Their home in Smithills still has locks on the doors and windows installed to keep her in.

"We would lock her in the room and keep checking on her. It was like she was possessed, she called me all the names under the sun," said Brigitte.

"One time we had to take her to court for shoplifting in between and she ran out of the court and went to the police station claiming we were kidnapping her."

She even threatened to turn to prostitution, Brigitte said.

"But we didn't give in. Although some nights when she was living in the flat Paul would drive around the red light district looking for her just in case."

Rebecca has served two terms for shoplifting and last October she was sentenced to 12 months for intent to supply heroin.

Her last three birthdays have been spent in jail and she will be released next week.

The Drug Service has agreed to send Rebecca on a six-month rehabilitation programme following pressure from Mrs De Mullet, but she believes there are not enough resources to tackle Bolton's problem.

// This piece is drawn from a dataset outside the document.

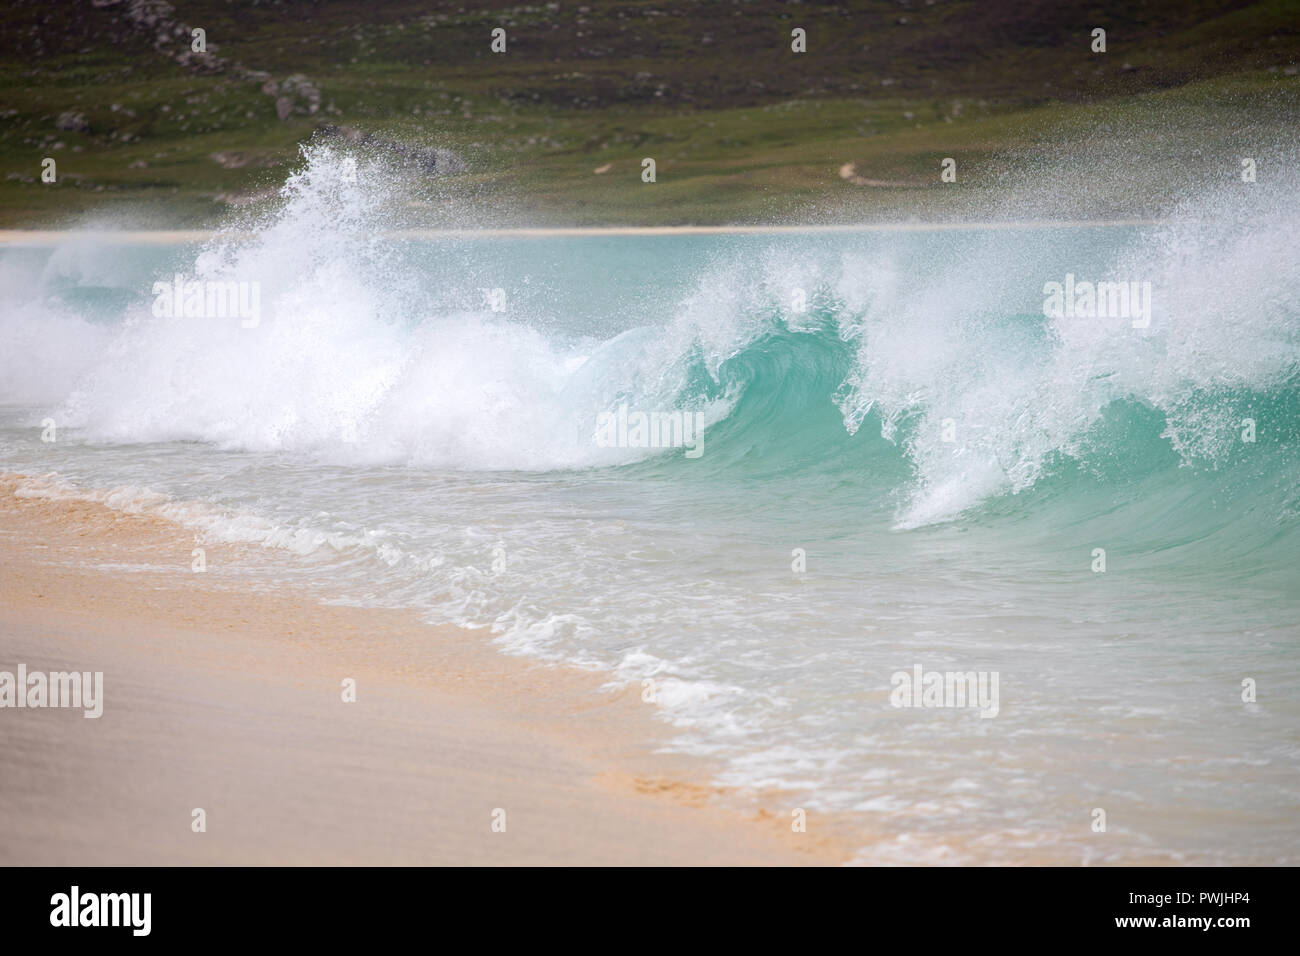 Breaking wave on Scarista beach, Harris, Outer Hebrides, Scotland, UK - Stock Image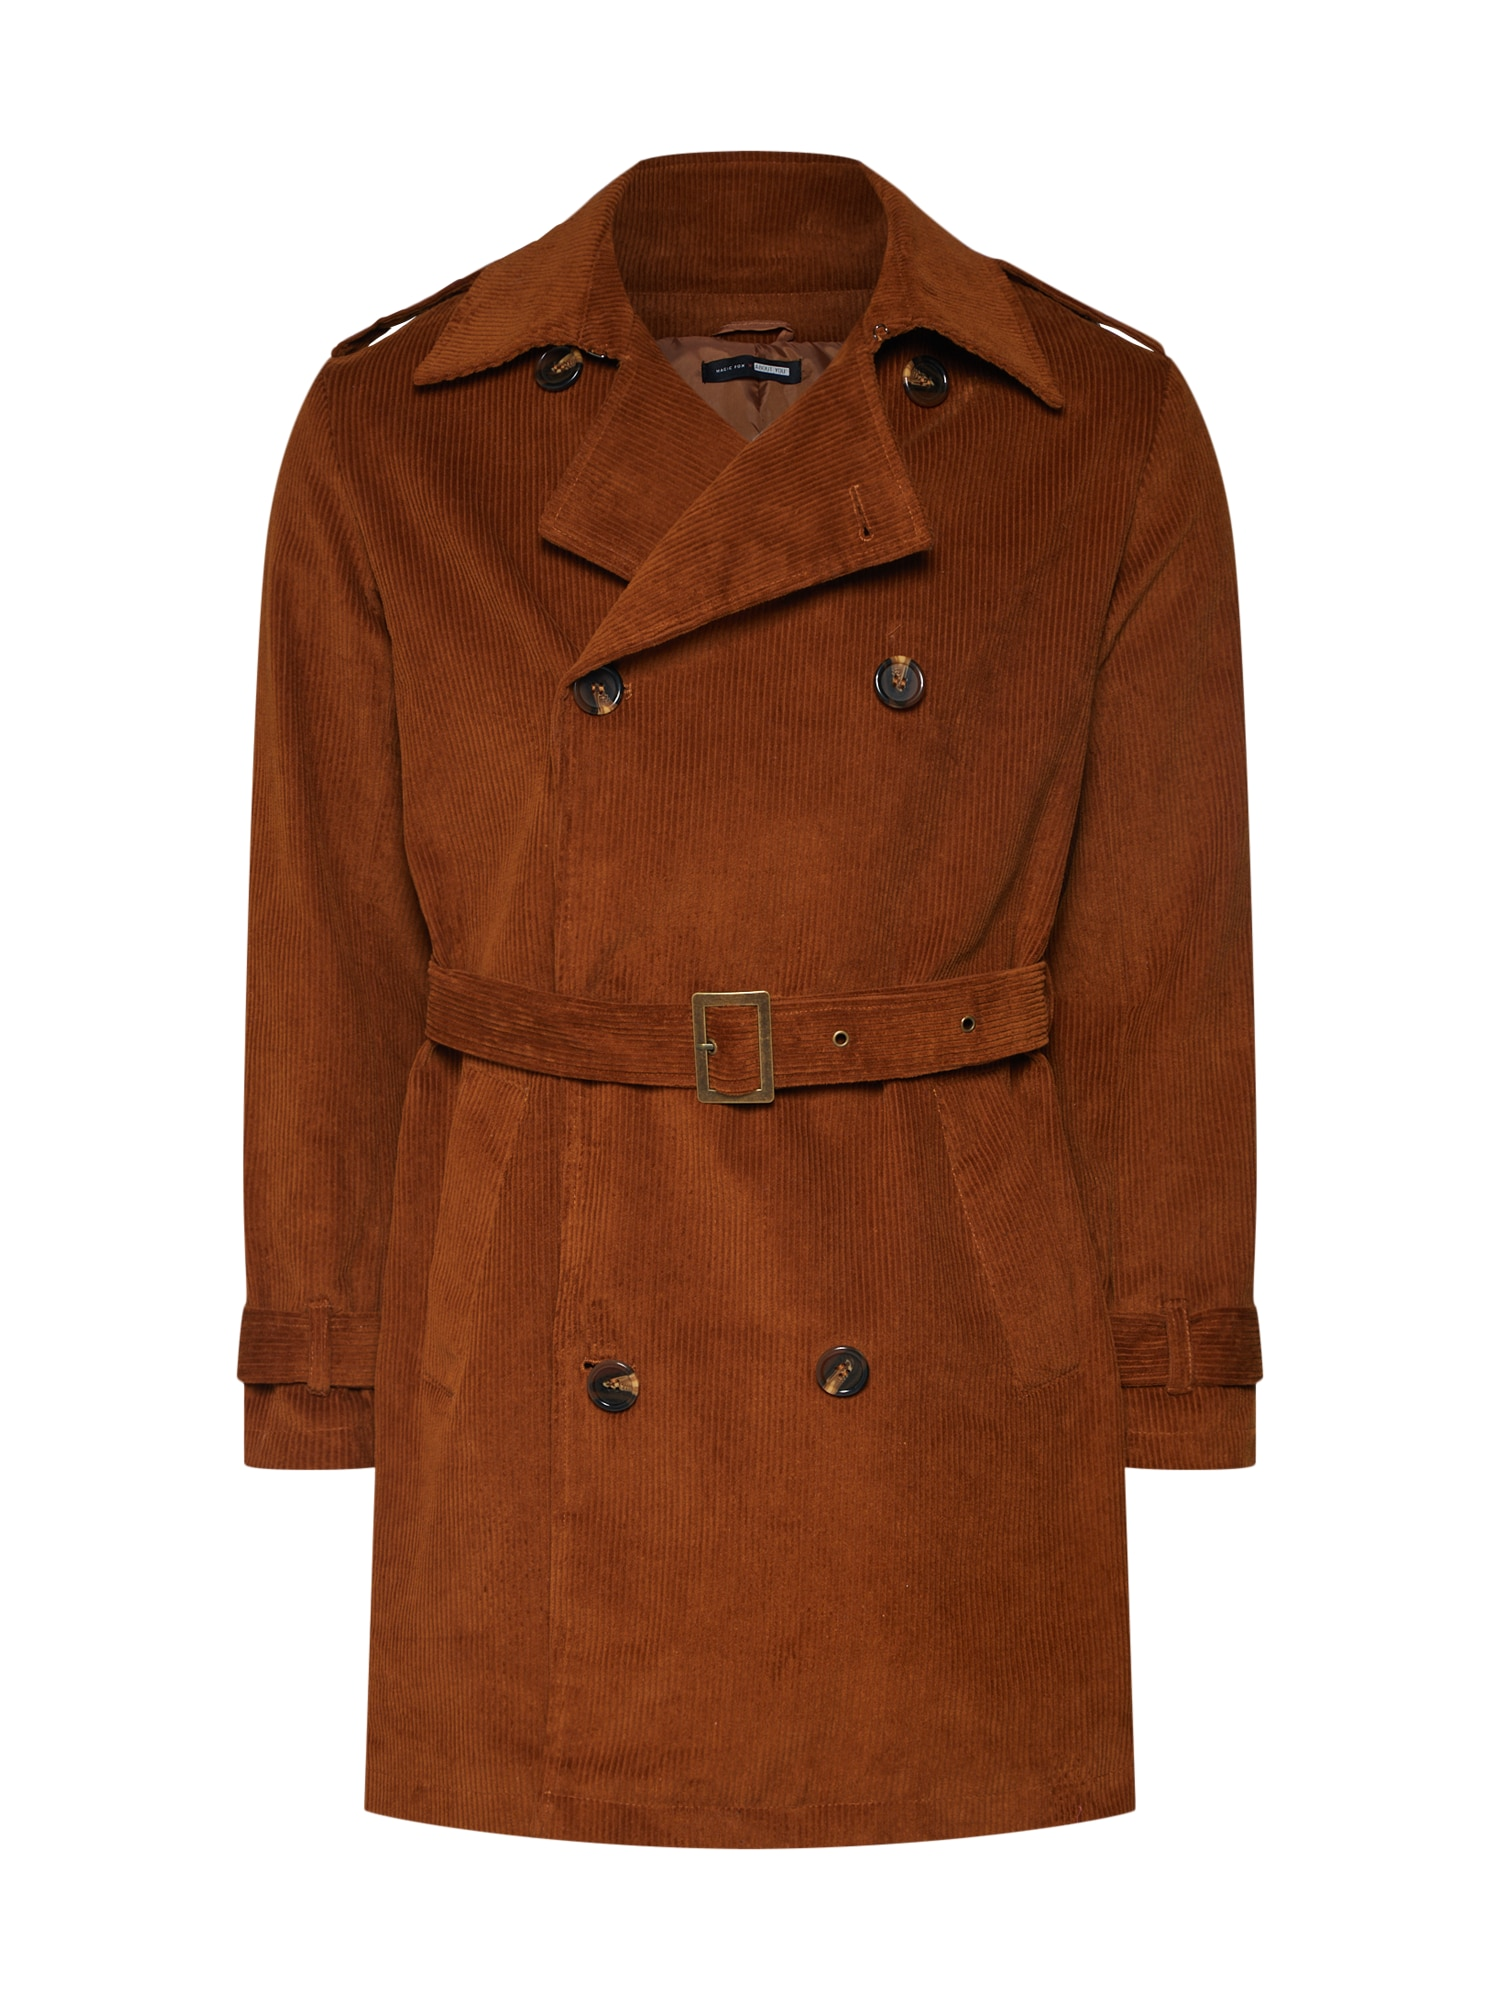 ABOUT YOU x Magic Fox Rudeninis-žieminis paltas 'Colin' ruda (konjako)

"When Rebecca wanted to give up we were told she would have to go on a 12-week waiting list but junkies don't keep to appointments, in three weeks they could be dead. Heroin is an epidemic in Bolton now and there should be more funding to give the help straight away when they need it.

"I think these big stores, who are losing thousands of pounds each week to shoplifters, should sponsor a young person to go on a rehabilitation programme because most are addicts."

Mrs De Mullet is considering starting a support group for parents of drug users to help overcome the stigma attached to admitting your child is an addict.

"If you had told me this would happen to our family I wouldn't have believed it. I want people to know that heroin addicts don't just come from council estates.

"Now I have come round to the idea that if I do one day have to walk behind my daughter's coffin, at least I will know I did all I could to help her and warn others. I am not ashamed to admit what my daughter has done, if people talk about us I don't care. This is what a drug addict's mother looks like. It could happen to you."